In 2019, Senator Sherrod Brown (D-OH) introduced legislation that would dramatically level the playing field between workers and their billionaire bosses who are getting obscenely rich on stock awards and share buybacks.

The background of the plan was explained as follows in a press release at the time:

“Over the past decade, corporate stock buybacks have soared. Corporations use stock buybacks to withhold profits from workers, and instead keep more and more profits for their CEOs and Wall Street investors. And buybacks exploded after President Trump signed the 2017 Republican tax giveaway to corporations. We must stop this never-ending cycle of corporate greed, and make sure that workers are sharing in the profits they create. Senator Brown is introducing legislation to do just that. The plan is simple: if corporations want to transfer wealth to Wall Street, workers have to get a proportionate share of the pie. For every $1 million passed on to shareholders in the form of stock buybacks or dividends, corporations would have to pass on $1 to every worker. We’re calling it a Worker Dividend, and all public corporations would be required to pay it.”

Specifics in the legislation include the following:

“Require public companies to issue a worker dividend to all non-executive workers based on the total amount spent on stock buybacks, dividend increases, and special dividends. The worker dividend will be equal to $1 for every $1 million spent on stock buybacks, dividend increases and special dividends.

“Lower the permissible amount of stock buybacks a company can make.

“Impose reporting requirements to ensure transparency into corporations’ stock buybacks.
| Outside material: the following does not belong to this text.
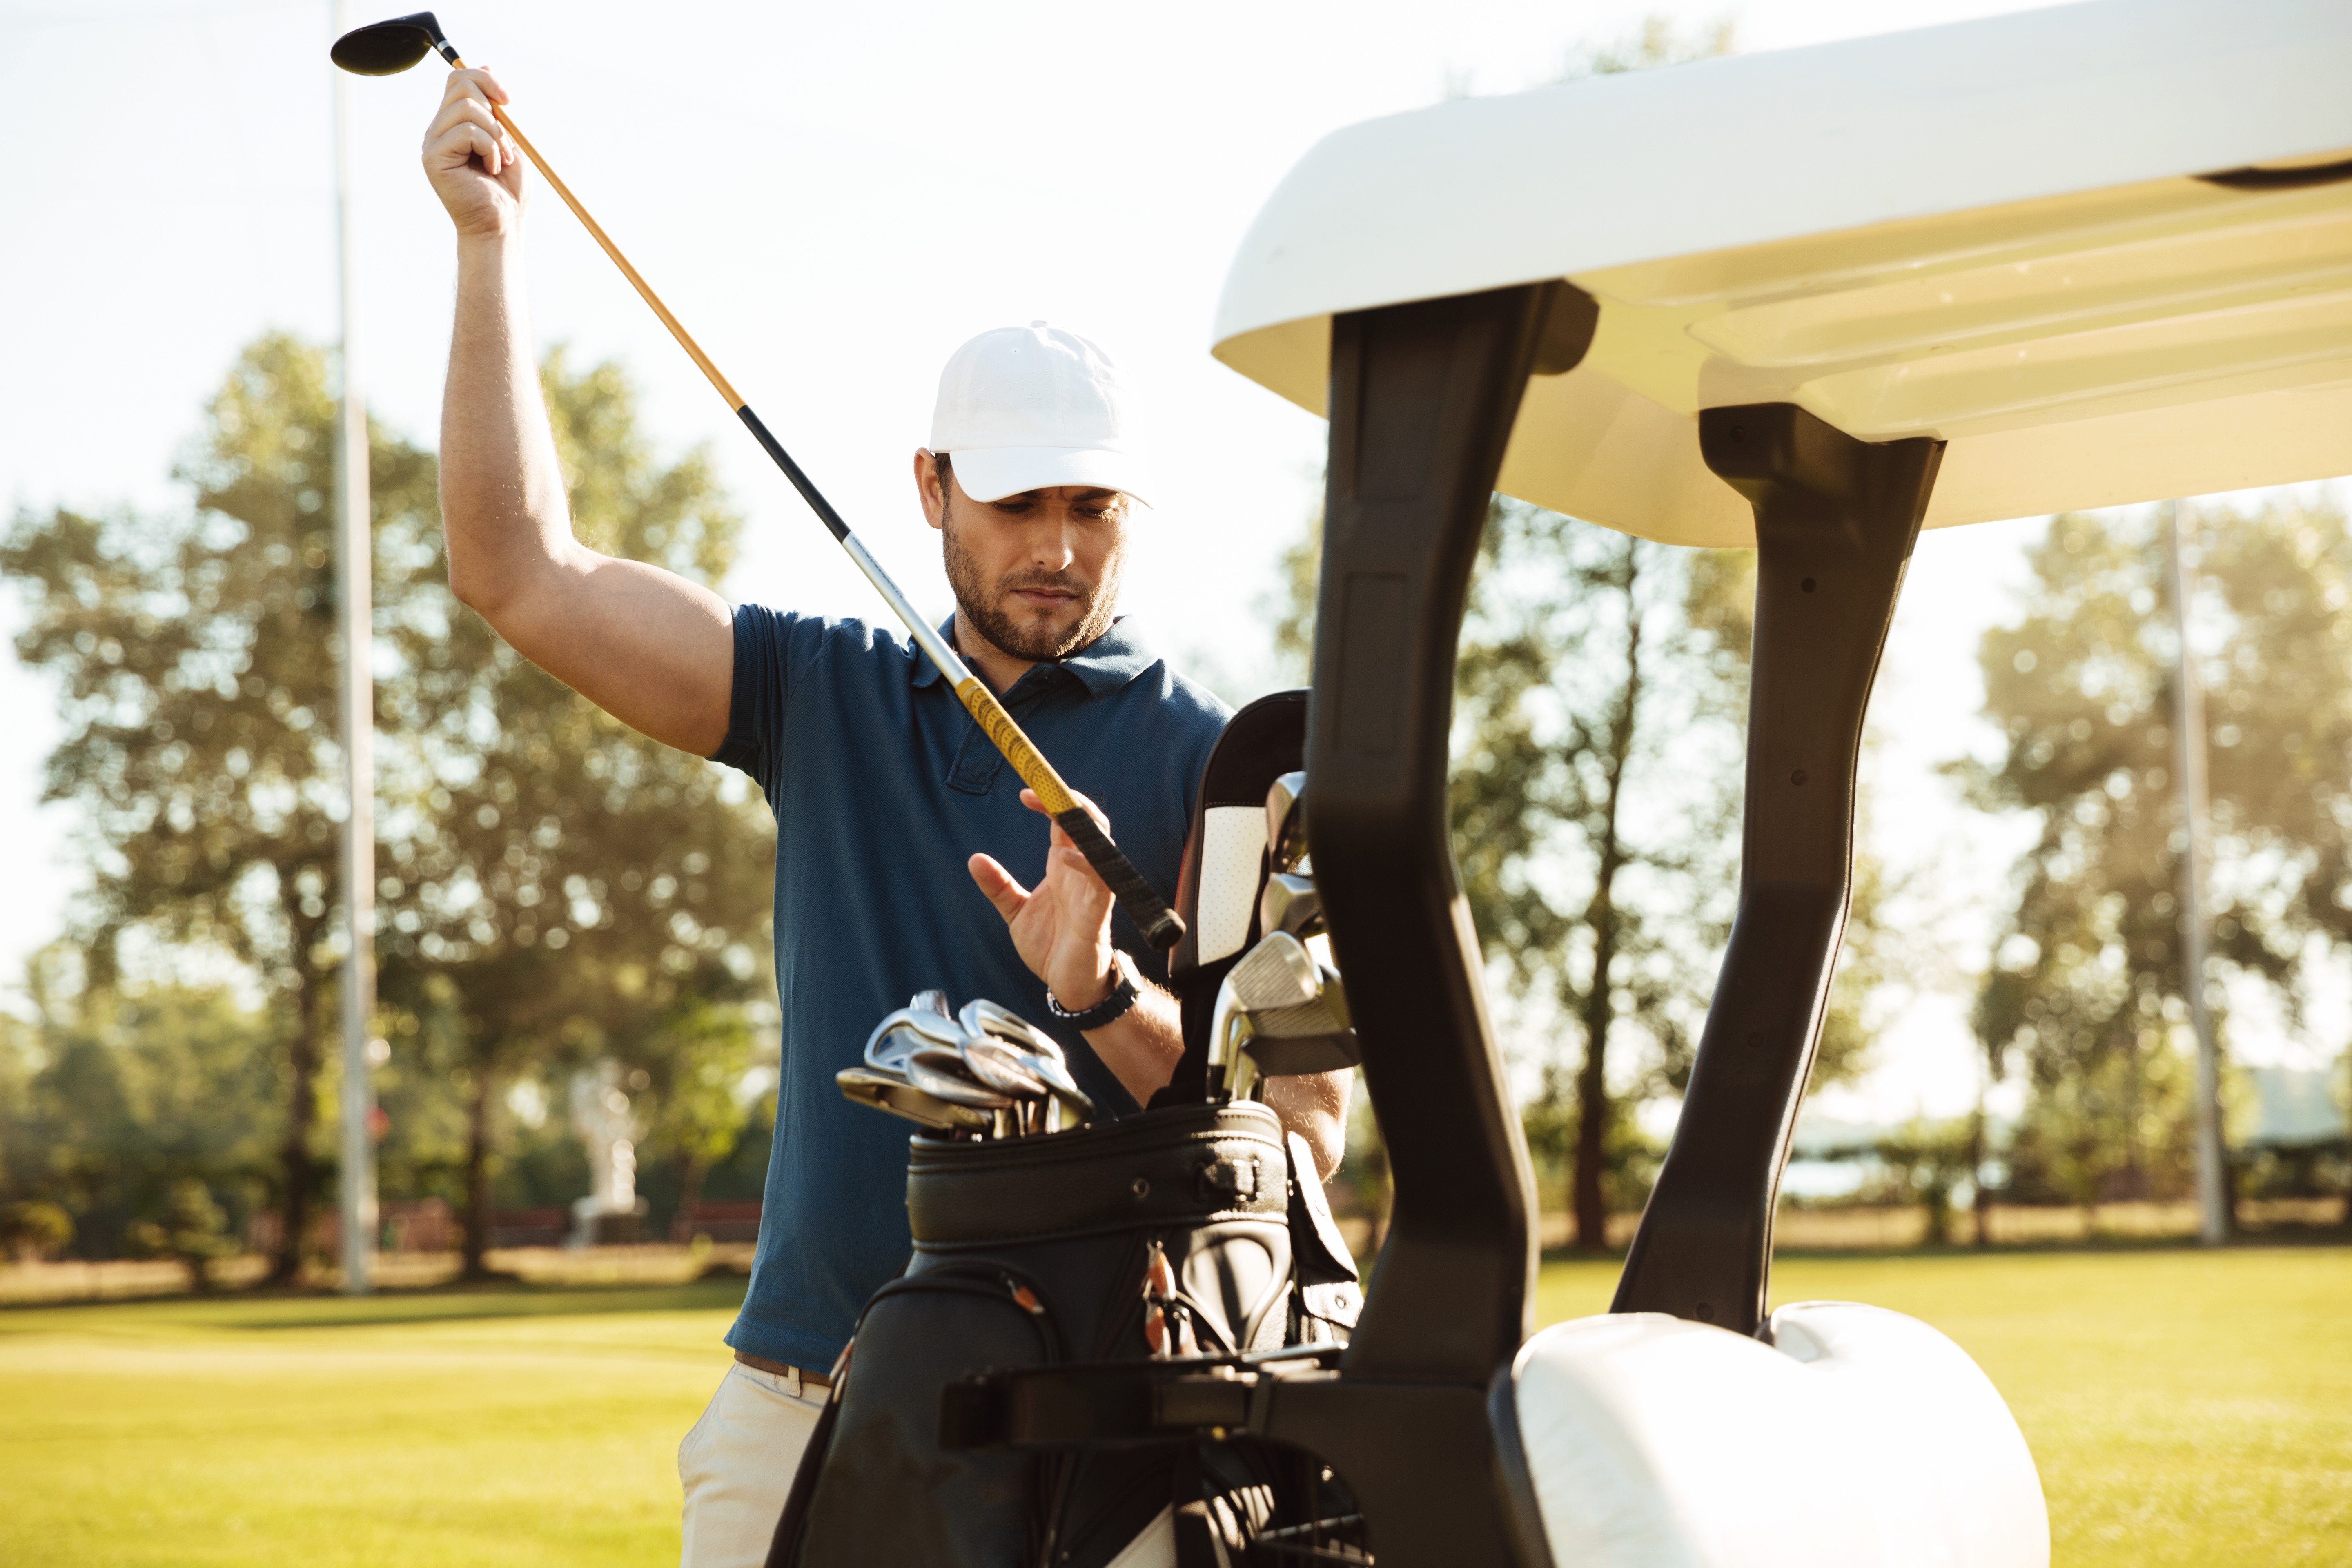 Captivate and Partners Swing Big With Golf Car Ad Opportunity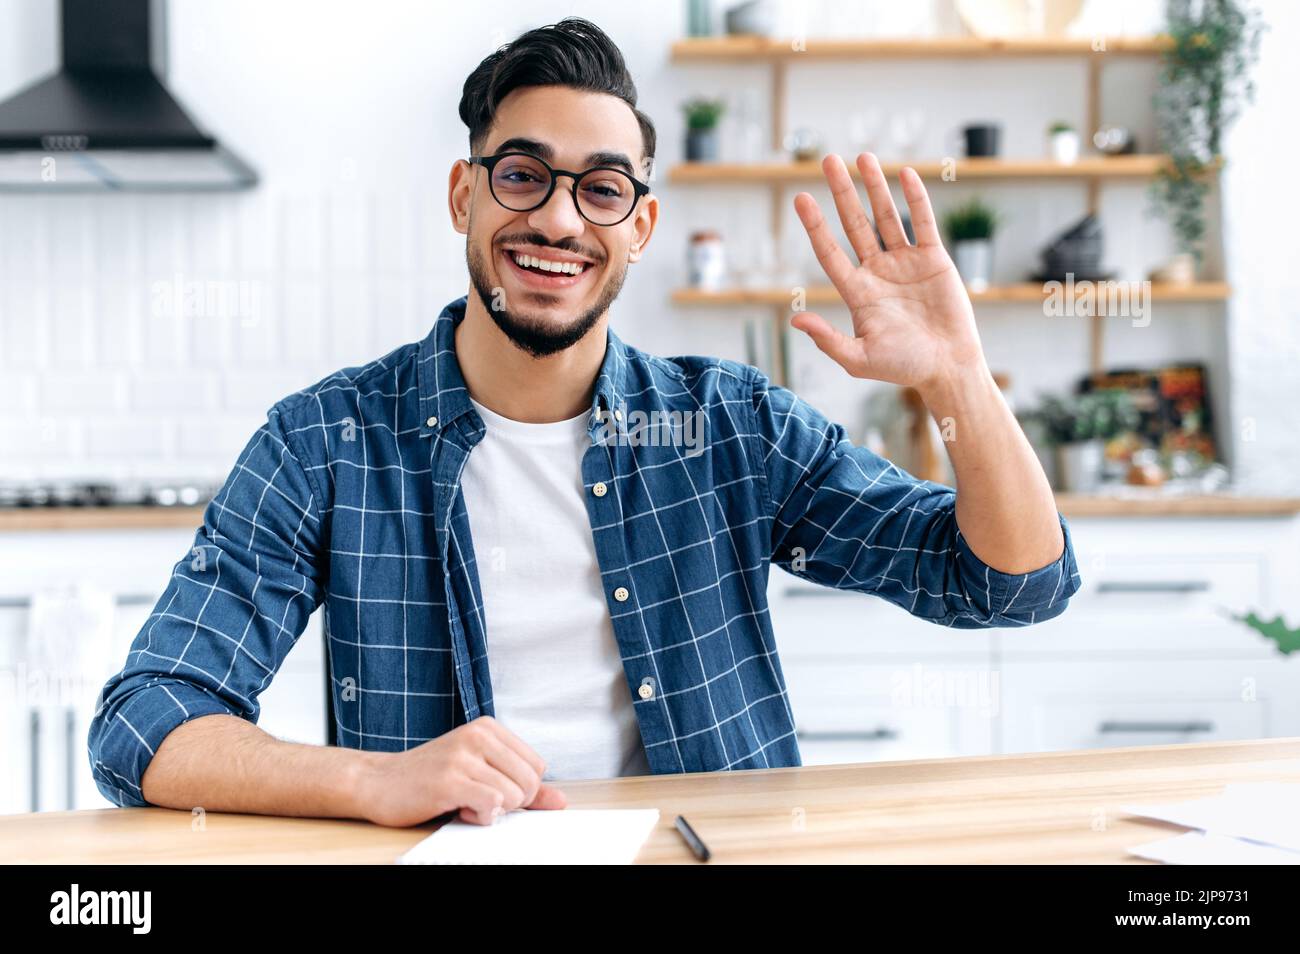 Confident positive indian or arabian man, sit at desk at home, talk on webcam, having video call or conversation with client or colleague, mentor record training course, waves hand, smiling friendly Stock Photo

“Convert the safe harbor rule to a mandatory prohibition on excessive stock buyback activities.

“Establish an enforcement mechanism – including a 5-year moratorium on stock buybacks and a private right of action for employees – if a corporation fails to meet the worker dividend requirements.”

If the legislation had been signed into law, that single mom teller at JPMorgan Chase would have received an additional $24,120 in compensation for 2019 – enough to meet her monthly bills, put money away for her child’s education and save to one day buy a home of their own.